Segment Open
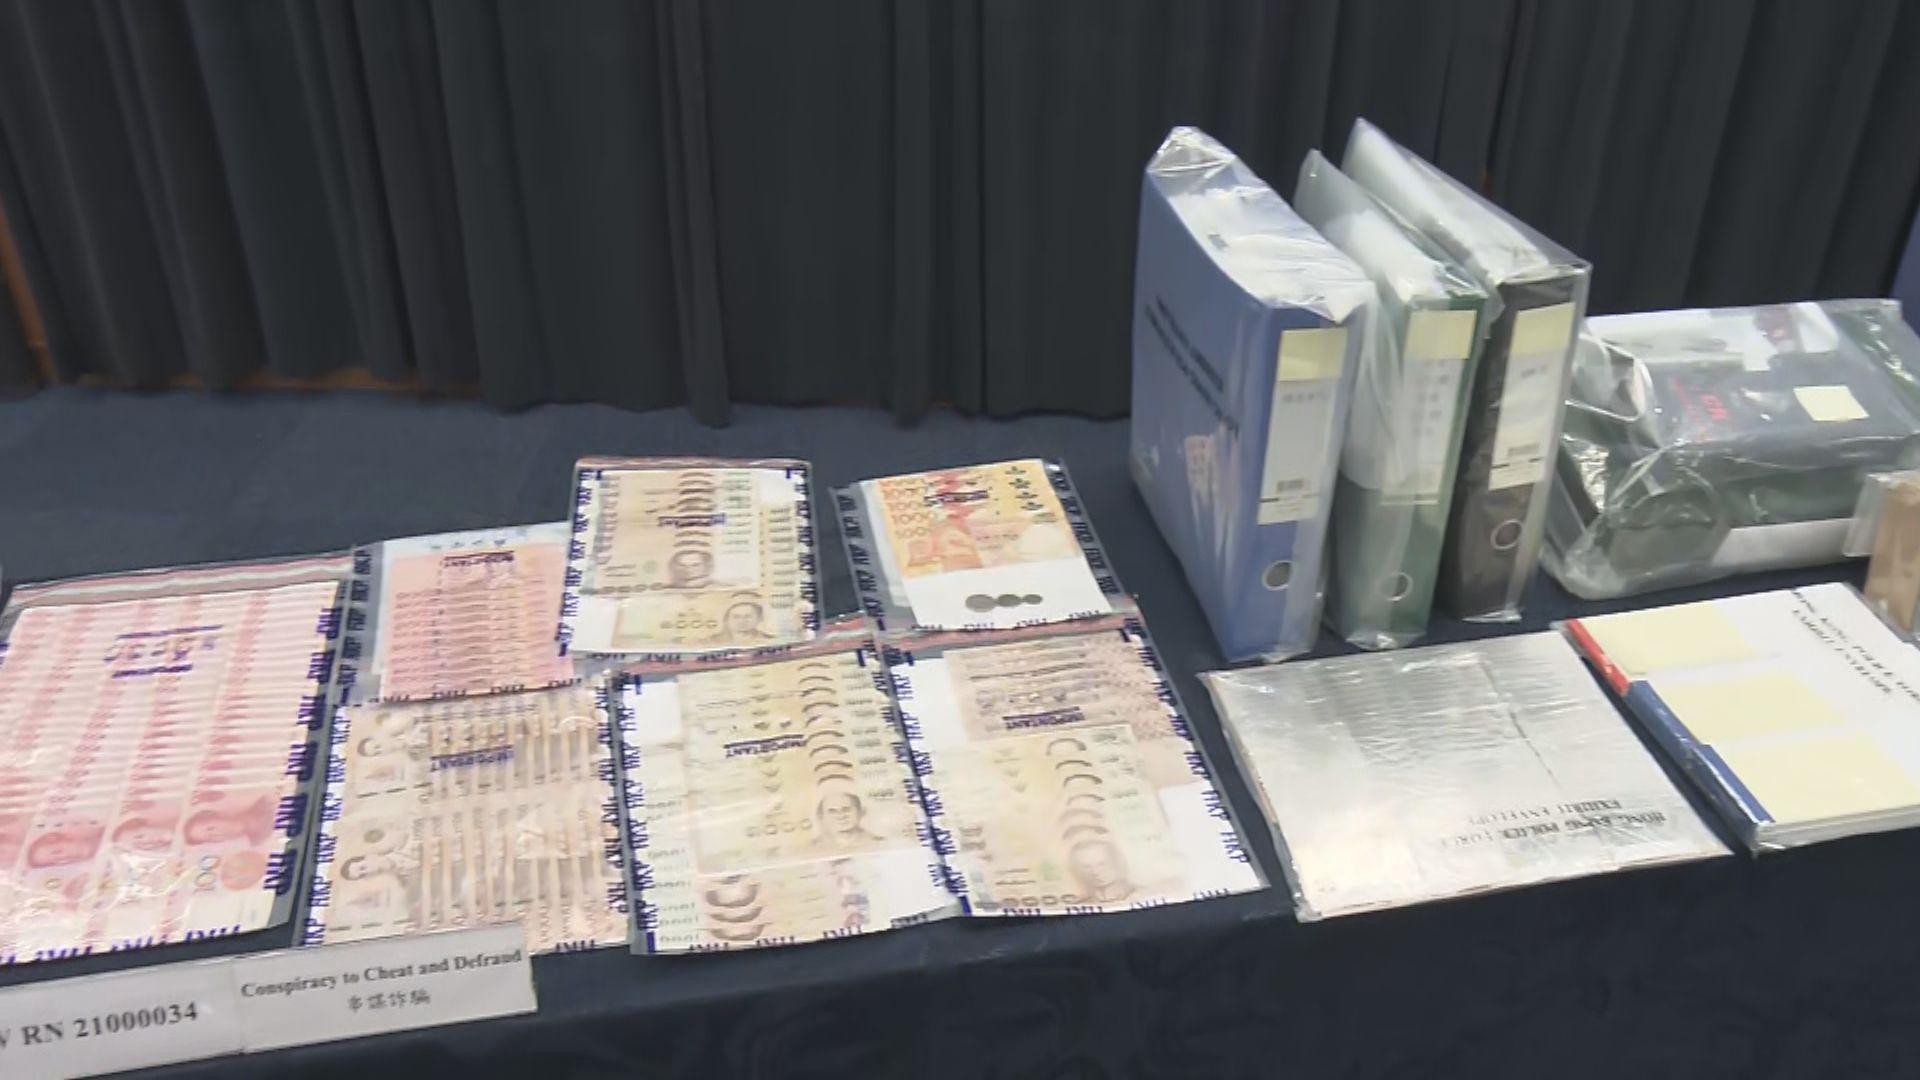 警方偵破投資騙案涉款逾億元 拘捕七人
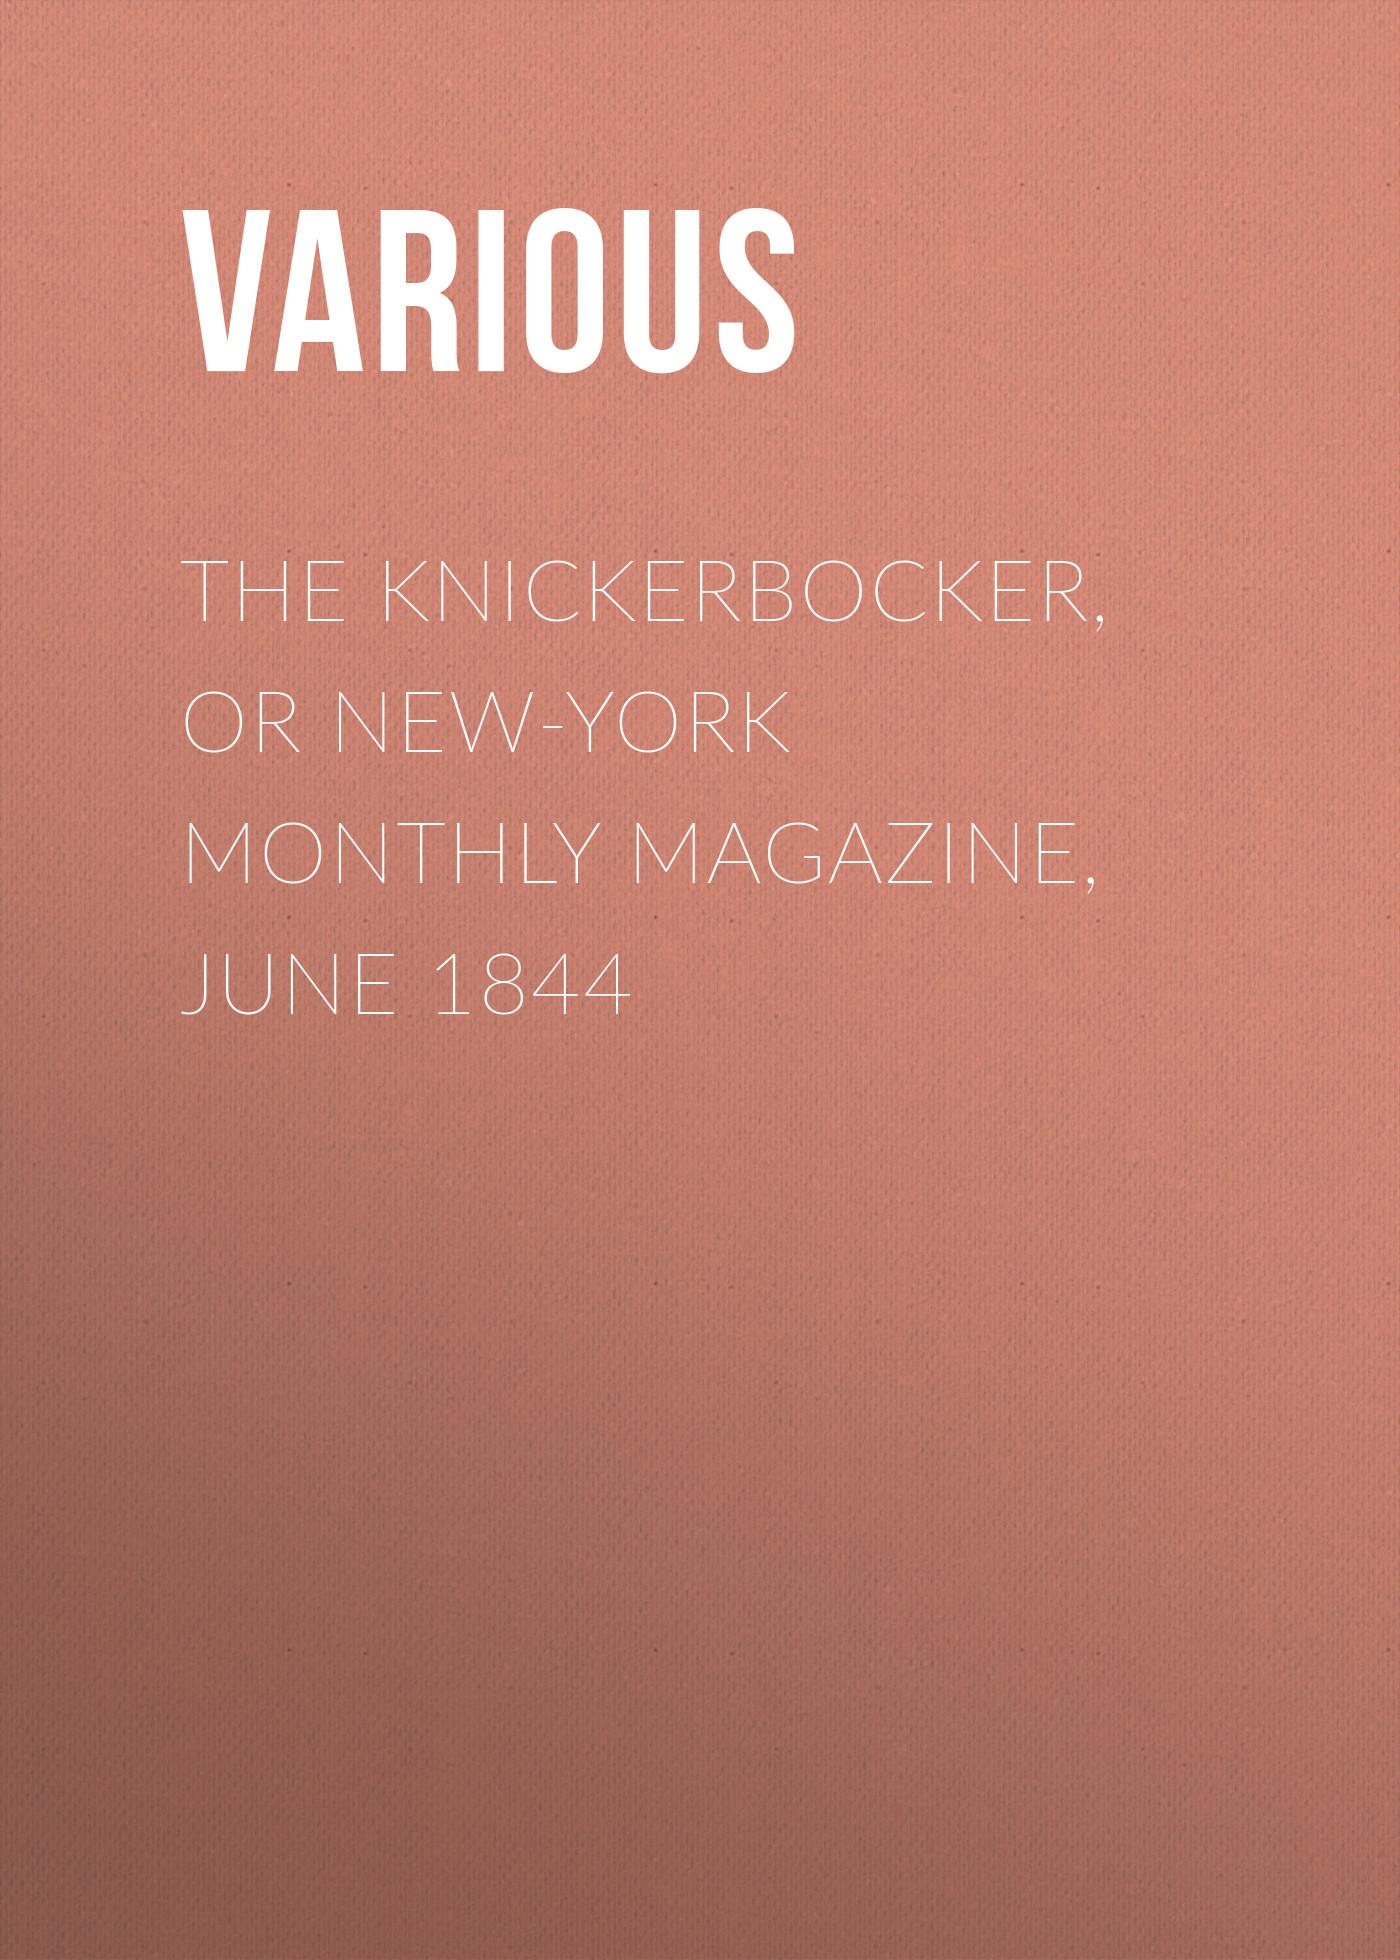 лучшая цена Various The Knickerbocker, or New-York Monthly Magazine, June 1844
Segment Closed
Segment Open
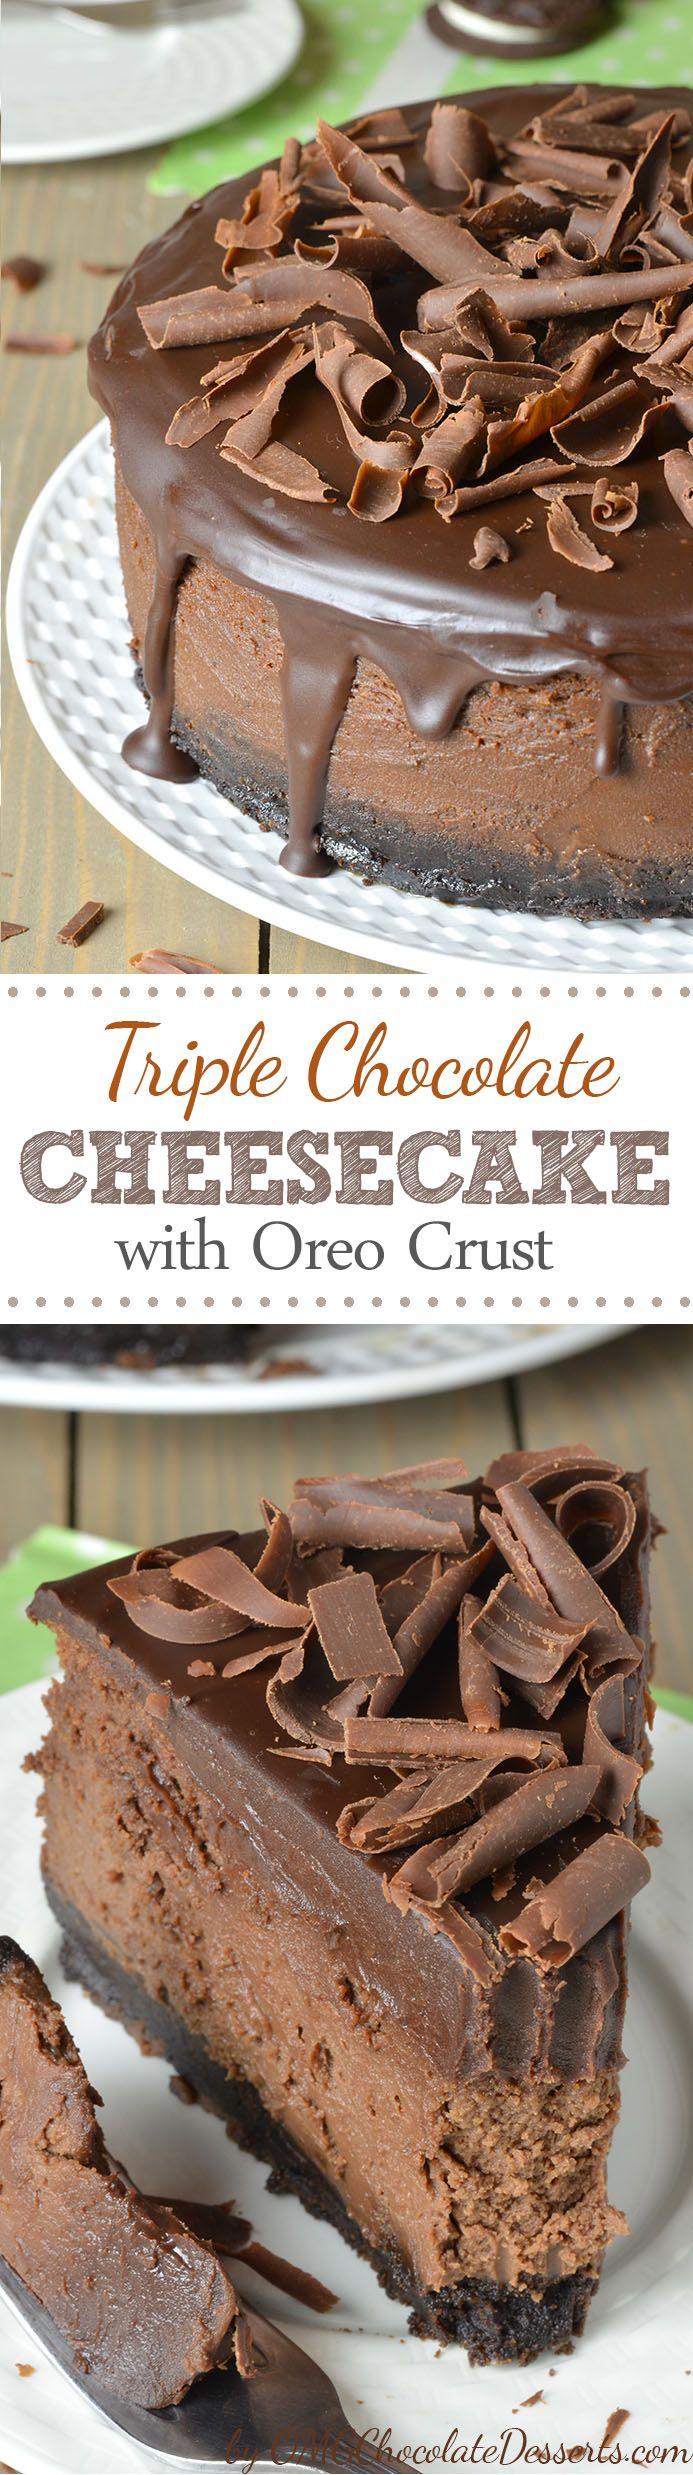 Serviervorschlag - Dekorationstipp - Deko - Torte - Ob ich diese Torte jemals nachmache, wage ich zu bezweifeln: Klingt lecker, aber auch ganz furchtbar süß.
Segment Closed
Segment Open
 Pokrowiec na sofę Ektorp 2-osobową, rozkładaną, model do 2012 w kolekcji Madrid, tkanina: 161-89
Segment Closed
> _What you are asked to do_
All that is wanted is the lines above between the one containing "警方偵破投資騙案涉款逾億元 拘捕七人" and the one containing "лучшая цена Various", inclusive, restated word for word, with pictures omitted.

> _Output for this task_
 警方偵破投資騙案涉款逾億元 拘捕七人
 лучшая цена Various The Knickerbocker, or New-York Monthly Magazine, June 1844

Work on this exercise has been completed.